Algorithms always depend on the input. We saw that general purpose sorting algorithms as insertion sort, bubble sort and quicksort can be very efficient in some cases and inefficient in other. Indeed insertion and bubble sort are considered slow, with best-case complexity of O(n2), but they are quite effective when the input is fairly sorted. Thus when you have a sorted array and you add some “new” values to the array you can sort it quite effectively with insertion sort.
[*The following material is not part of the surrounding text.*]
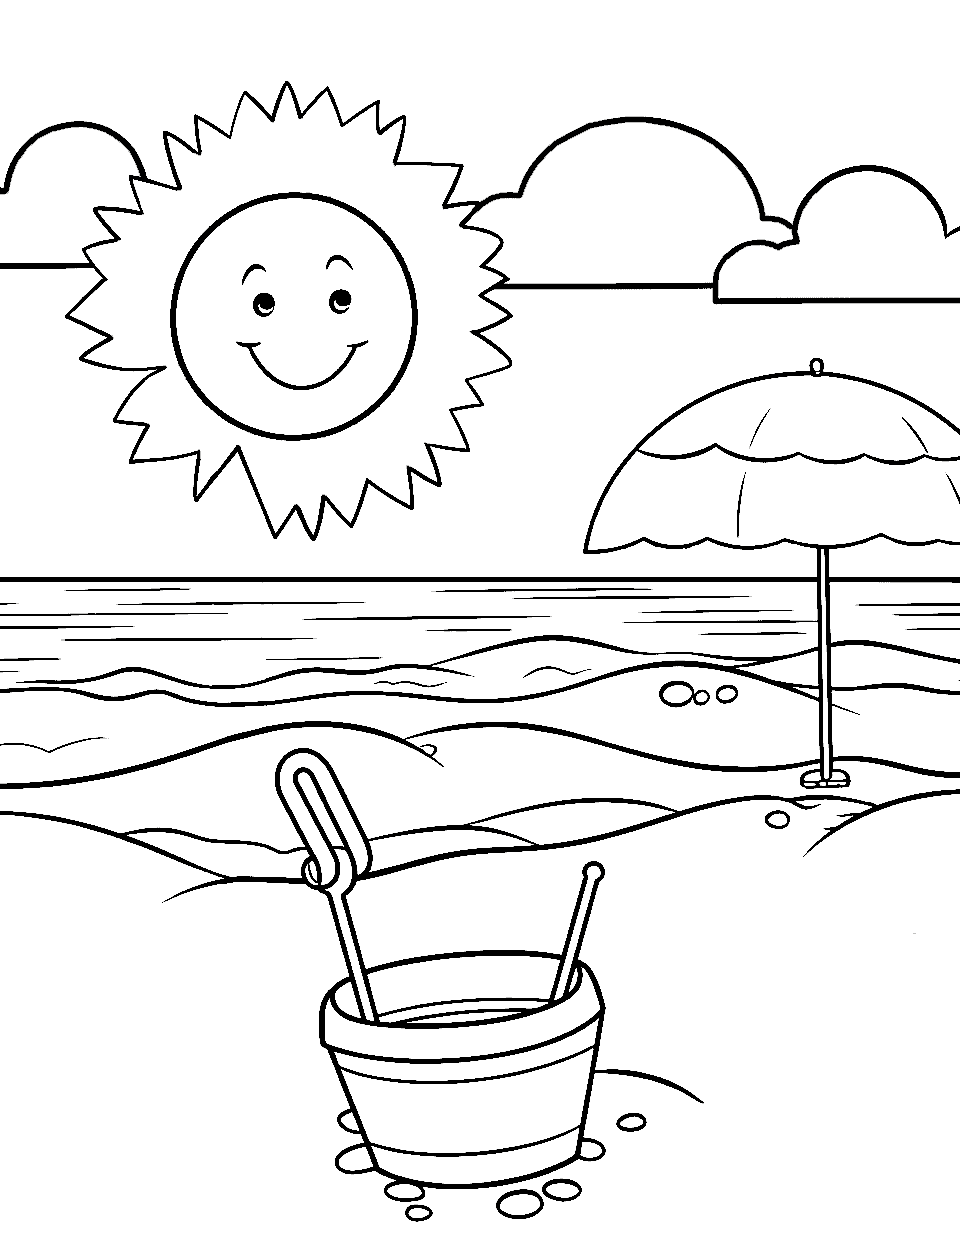 Coloring Pages  Free Printable Chair Coloring Page for Kids

On the other hand quicksort is considered one of the best general purpose sorting algorithms, but while it’s a great algorithm when the data is randomized it’s practically as slow as bubble sort when the input is almost or fully sorted.
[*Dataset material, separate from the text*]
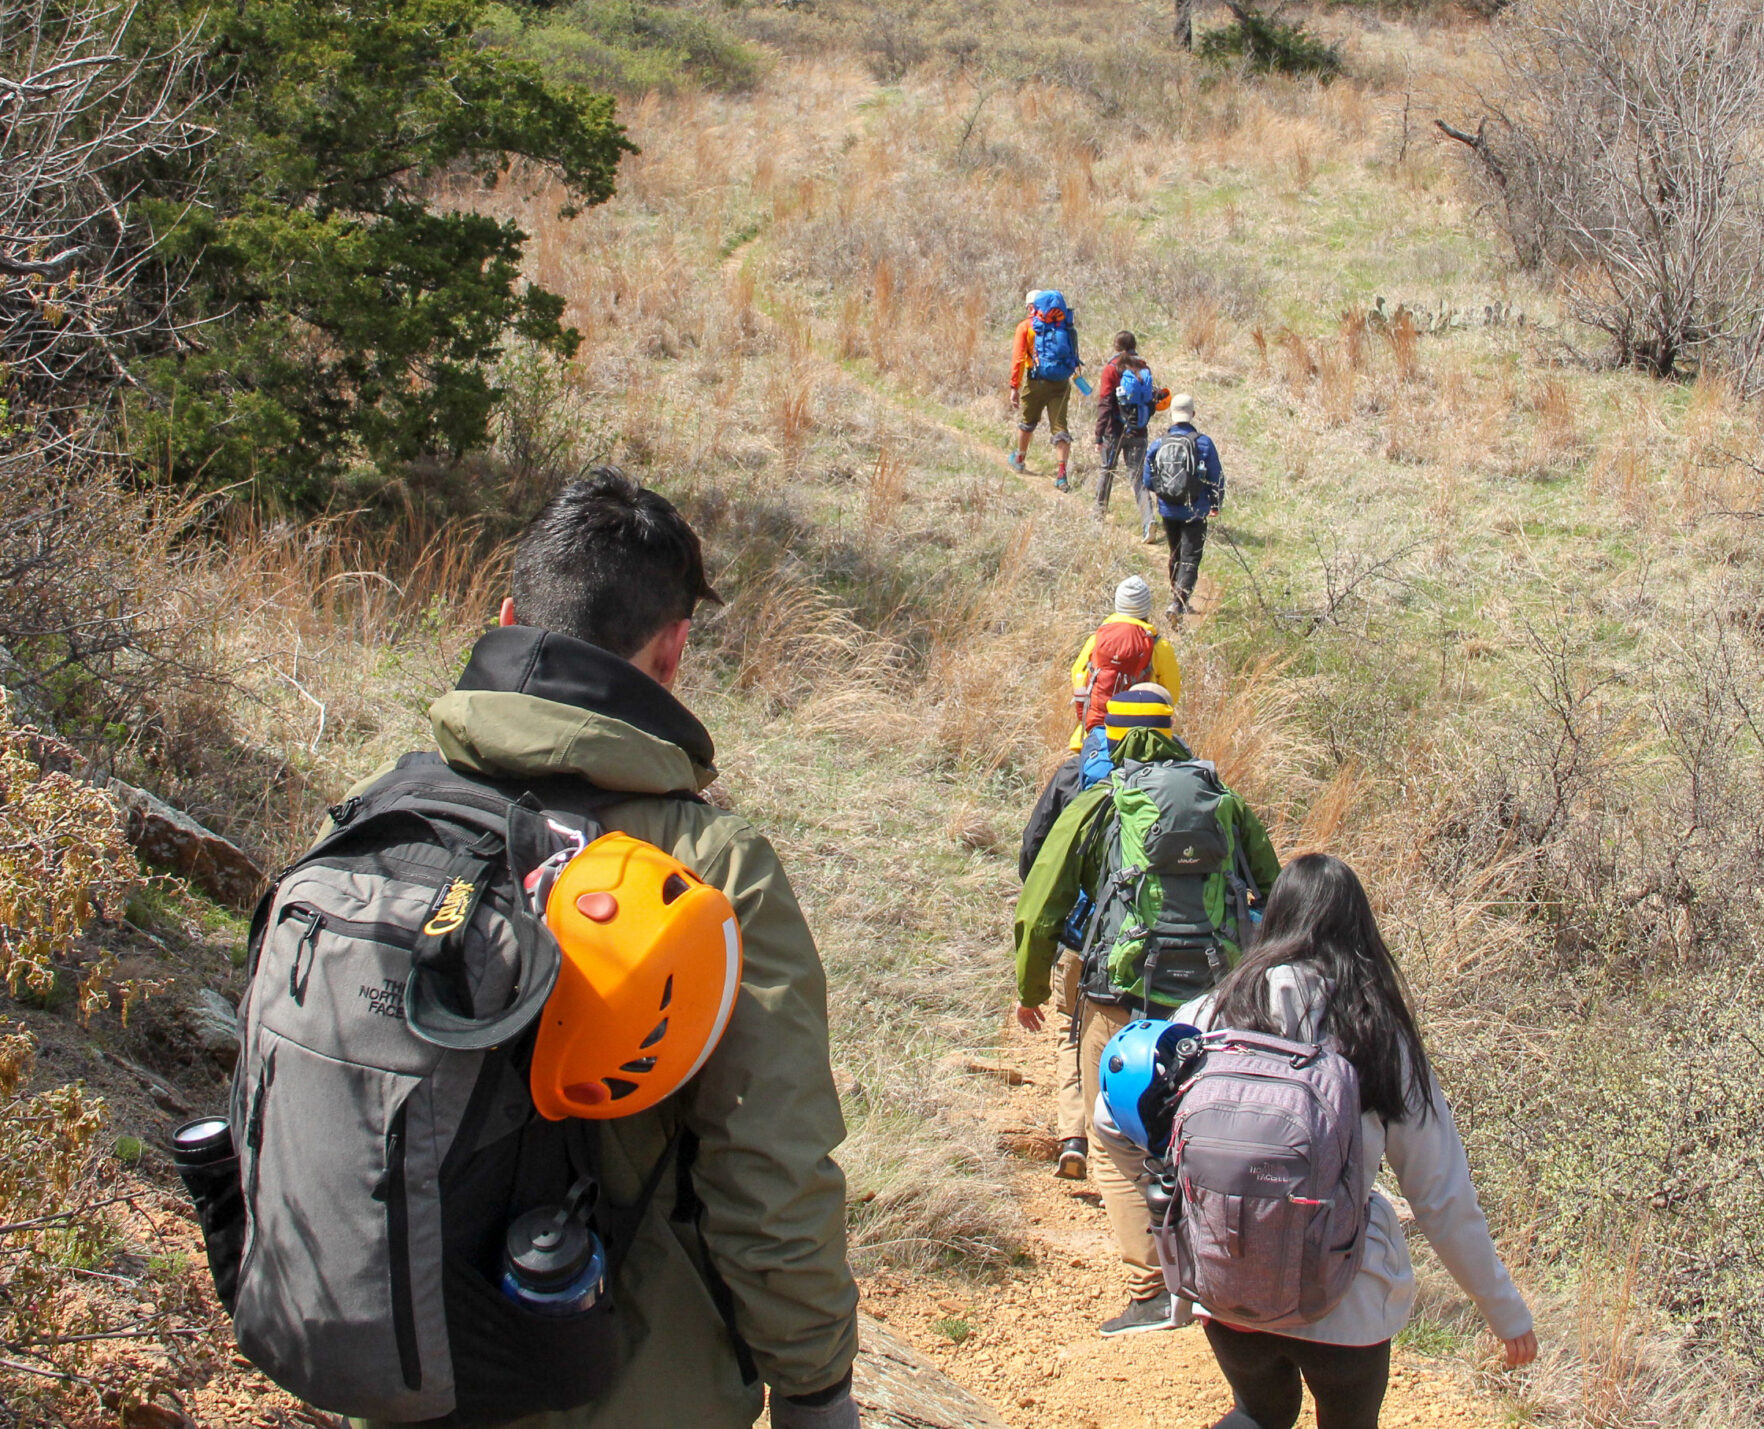 People hiking in coats

Now we see that depending on the input algorithms may be effective or not. For almost sorted input insertion sort may be preferred instead of quicksort, which in general is a faster algorithm.

Just because the input is so important for an algorithm efficiency we may ask are there any sorting algorithms that are faster than O(n.log(n)), which is the average-case complexity for merge sort and quicksort. And the answer is yes there are faster, linear complexity algorithms, that can sort data faster than quicksort, merge sort and heapsort. But there are some constraints!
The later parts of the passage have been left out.